If the WASH sector strives to leave no-one behind, it must be recognised than women are still going through the perimenopause during the COVID-19 pandemic. In the communities where I worked in Accra and Kumasi, the majority of people, including the perimenopausal women in my study, used shared community toilet facilities and water points to meet their every day hygiene needs. Perimenopausal women relied on community toilet facilities to change their heavily soiled menstrual cloths and to urinate on a very frequent basis. Being able to bathe and wash more frequently requires more water to be collected from water points daily. Looking at hygiene from the perspective of perimenopausal women in Ghana, to manage their various bodily leaks emphasises the critical importance of social distancing. Water points, especially in humanitarian contexts, need to be spread out with significant distances between them, to reduce long queues and the risk of catching COVID-19, particularly for people who rely on them regularly for good bodily hygiene such as perimenopausal women.

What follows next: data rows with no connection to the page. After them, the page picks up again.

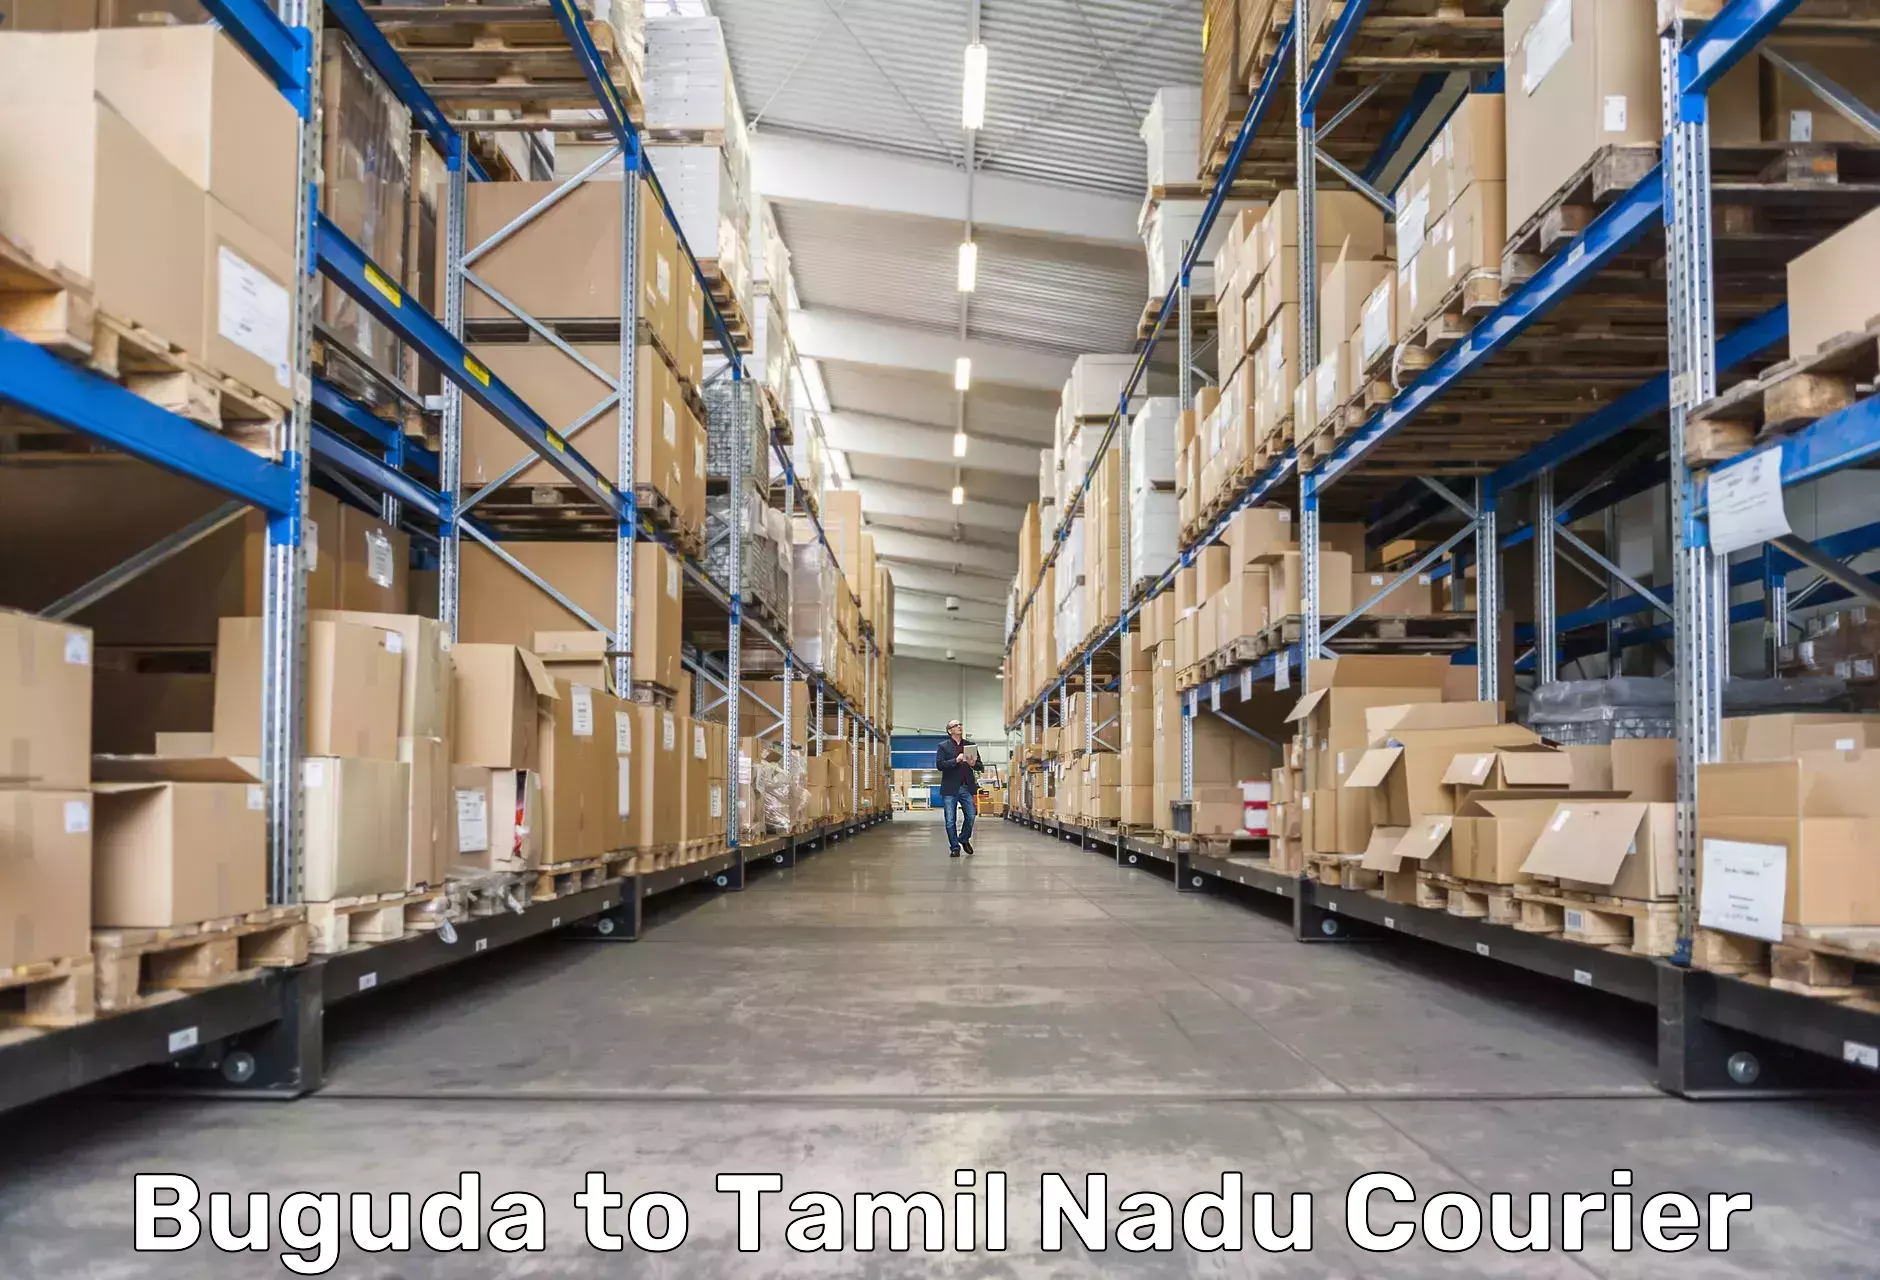 Courier service comparison in Buguda to Tamil Nadu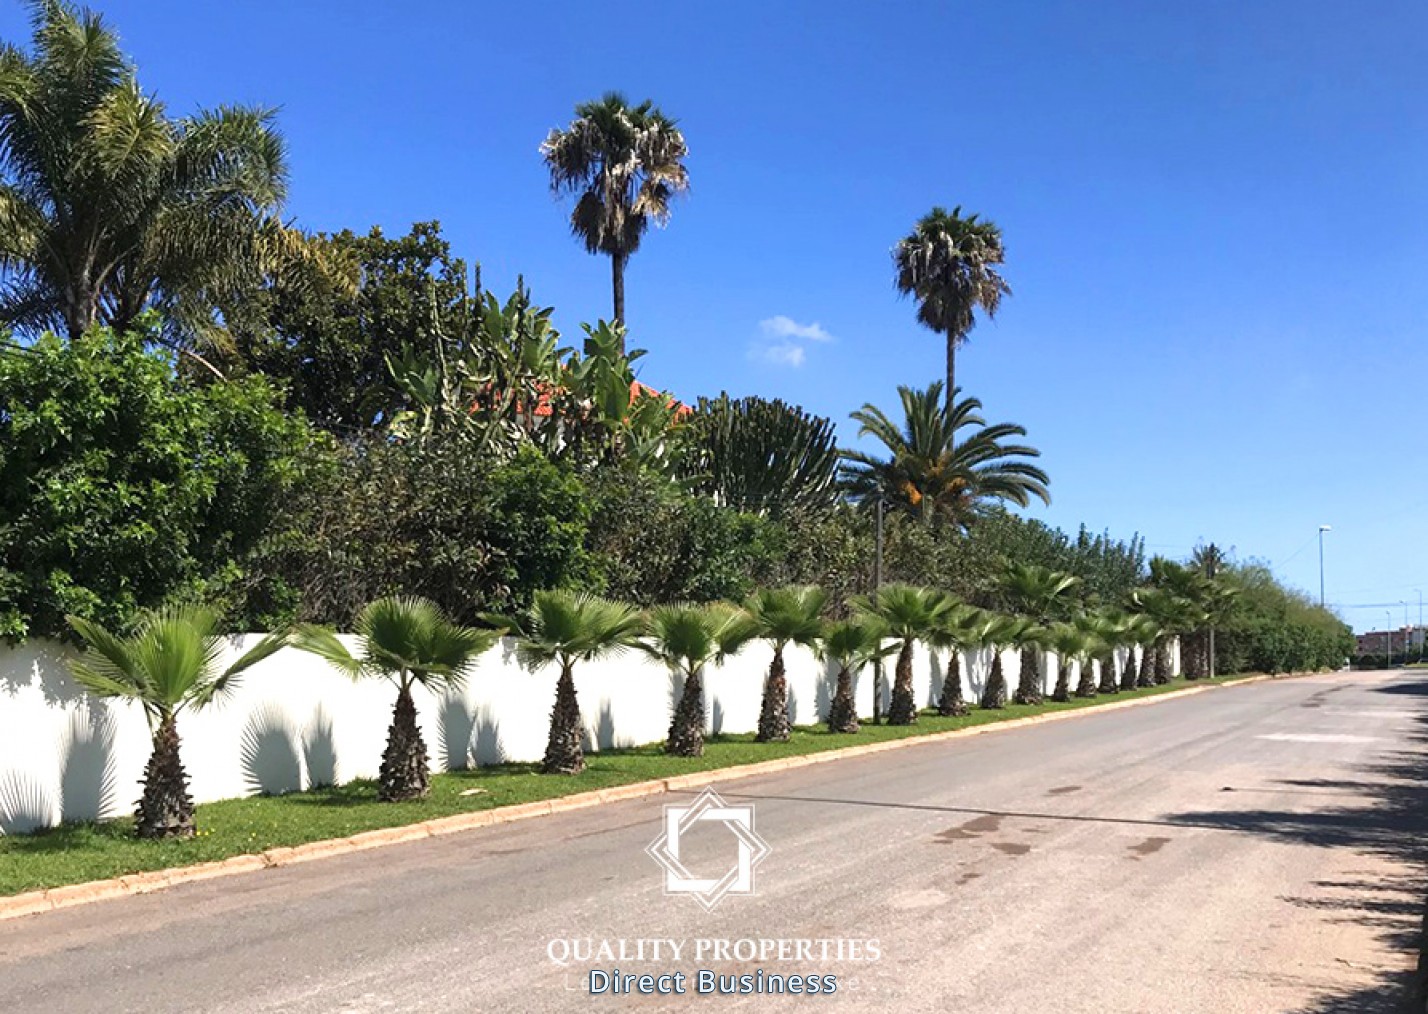 Offre de terrain en zone villas à Californie, Casablanca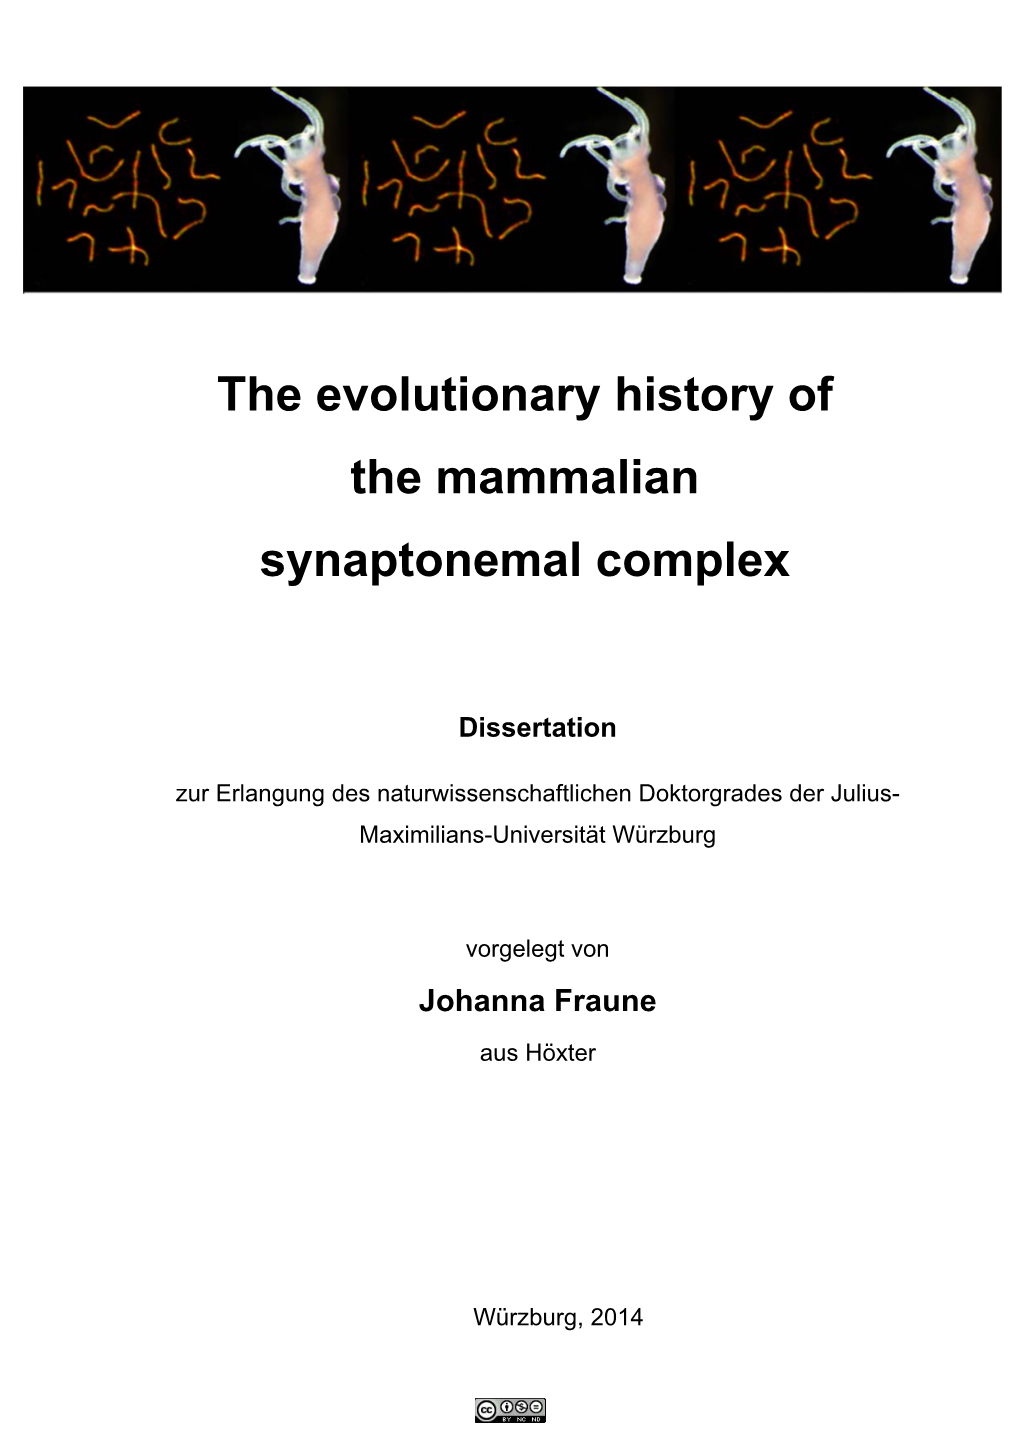 The Evolutionary History of the Mammalian Synaptonemal Complex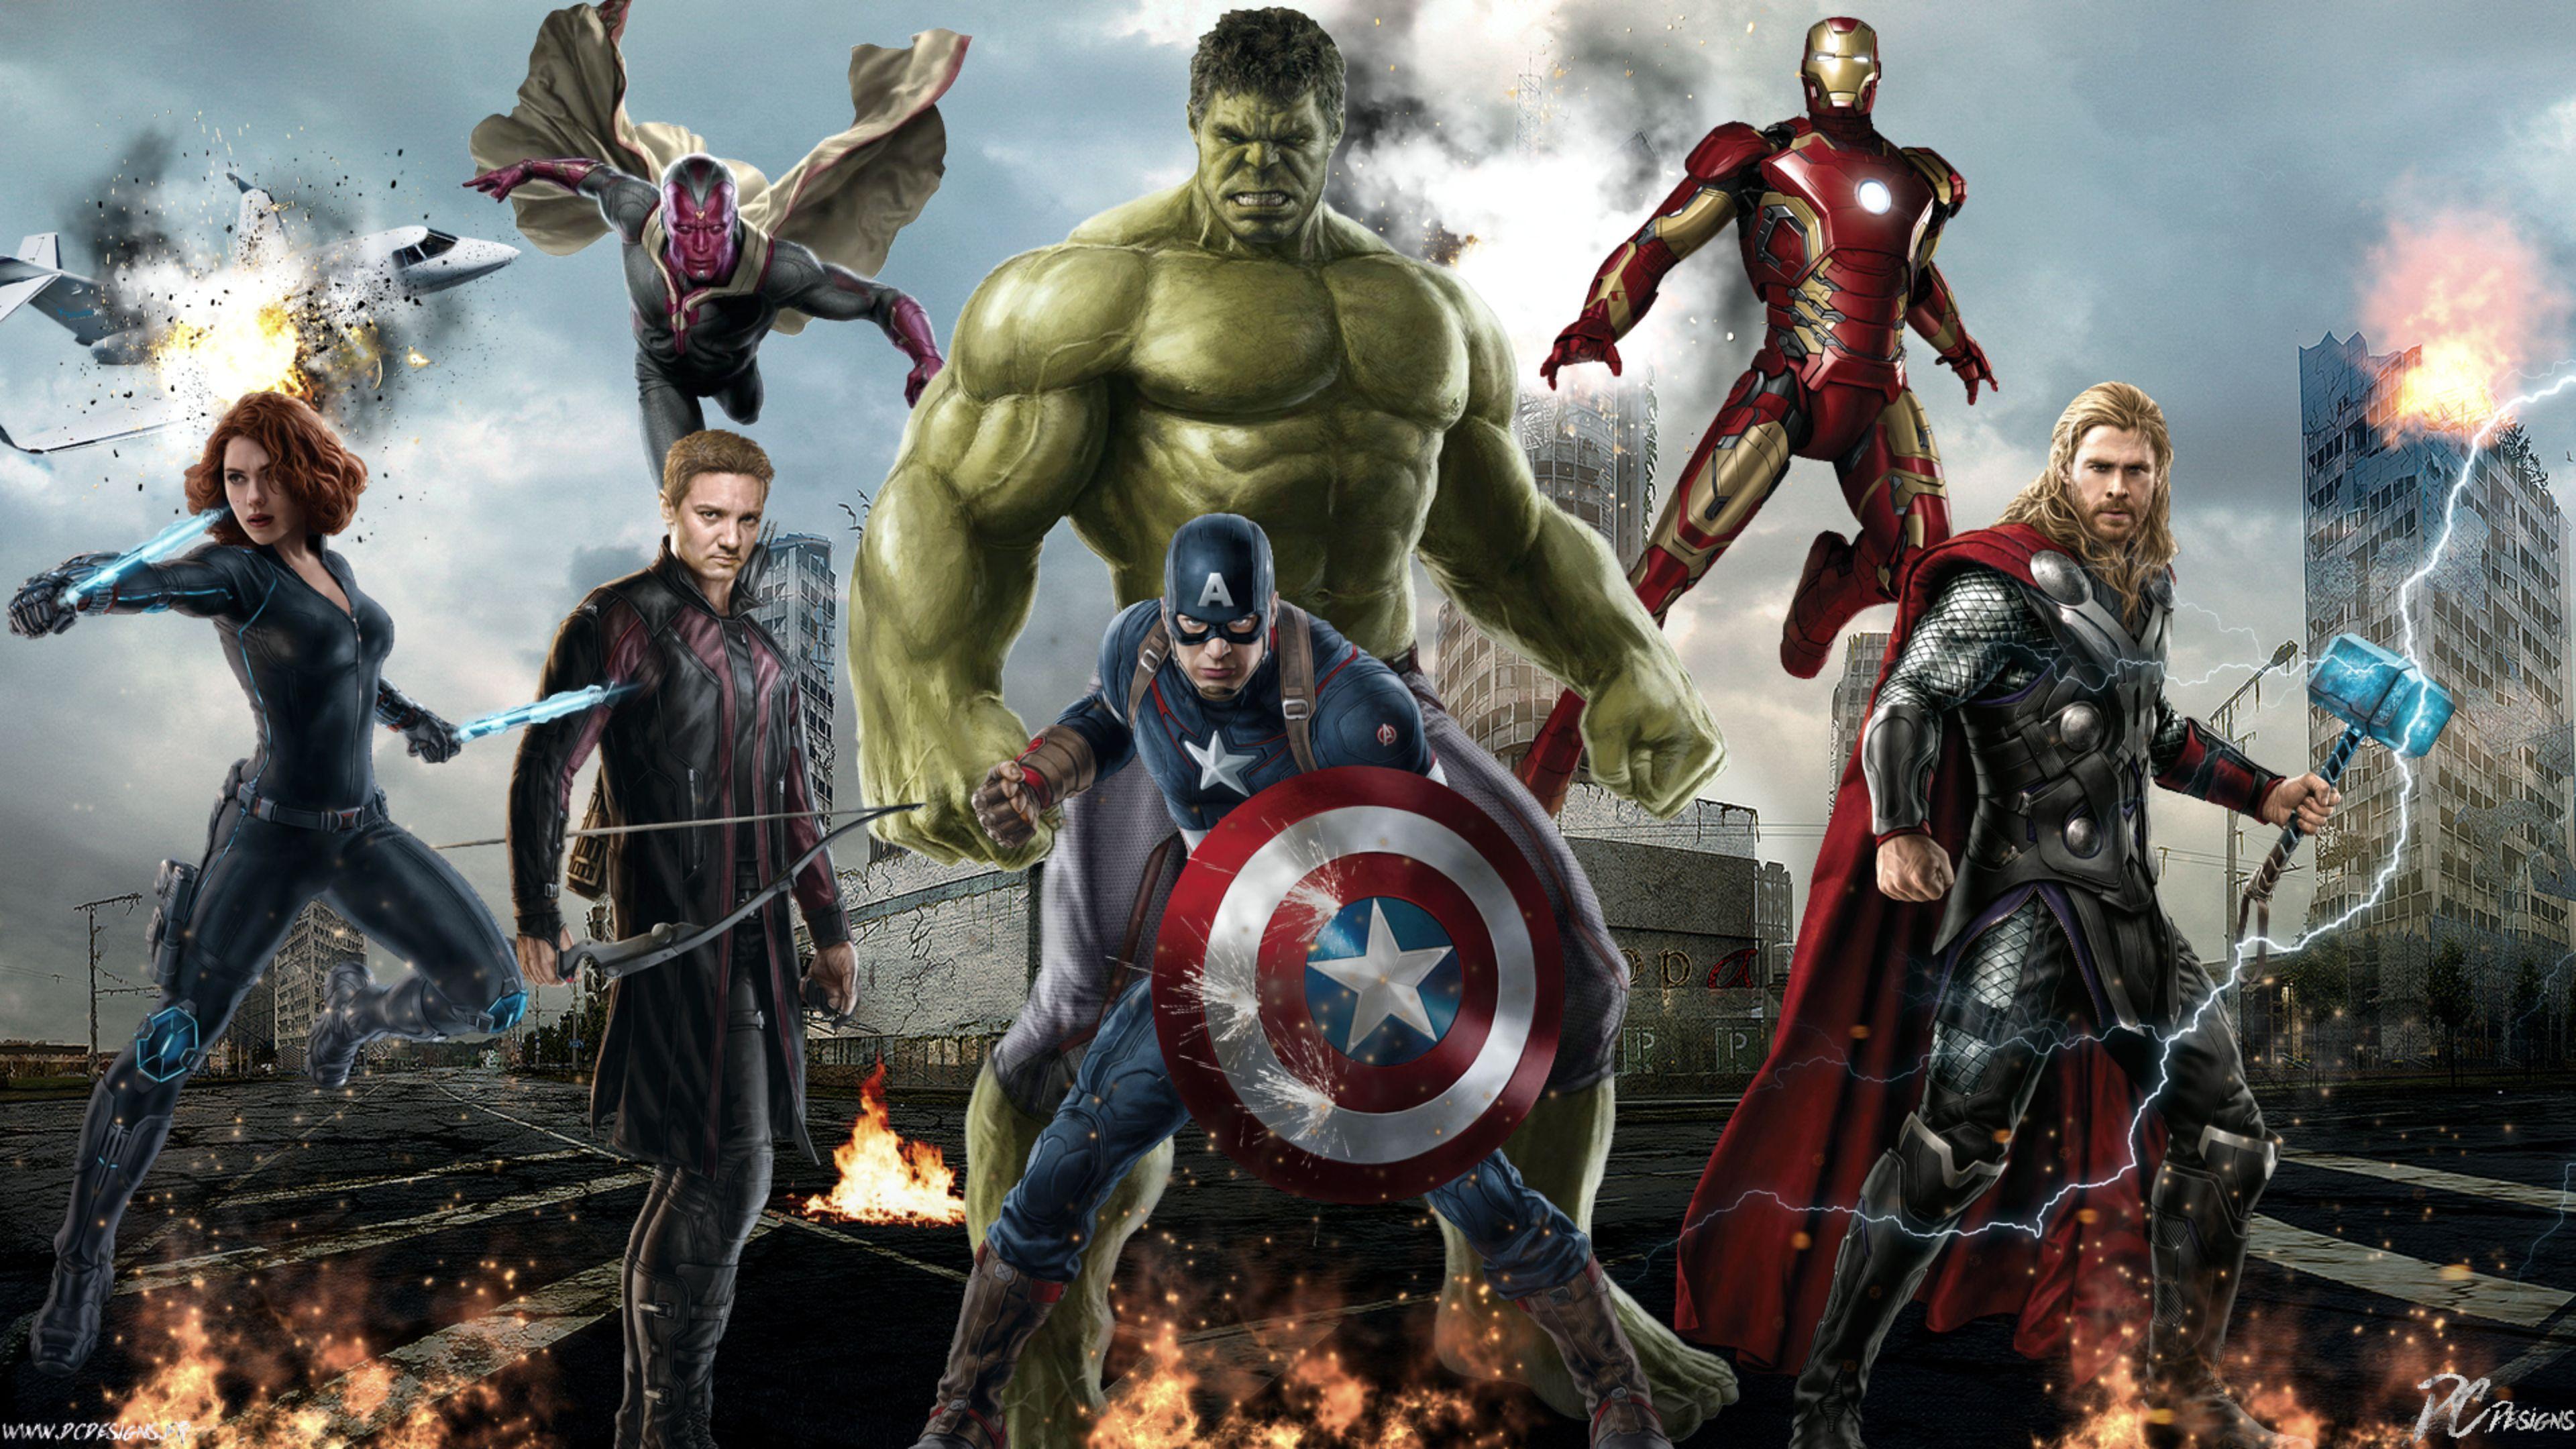 Avengers Age of Ultron 4K Wallpaper. Free 4K

There are lessons to be learned here from perimenopausal women for what the WASH sector should be recognising as ‘hygiene’ in COVID-19 and beyond. It is not only the hands of the people in low- and middle-income countries which need to be kept clean where WASH services are lacking, nor is it just about meeting women and girls’ menstrual hygiene needs. Hygiene encompasses entire bodies. As we encourage social distancing measures, it is critical for us to consider the different uses of water for keeping bodies clean, clothes clean, and the spaces in which people wash clean. The new normal for the WASH sector requires a re-examination of the infrastructure needed for overall bodily hygiene. Inclusive design in bathhouses and spaces for washing clothes deserve greater attention in the longer term. Let the COVID-19 crisis be a time for the WASH sector to renew our understandings of hygiene, in order to provide sustainable water and sanitation for every body to be kept clean.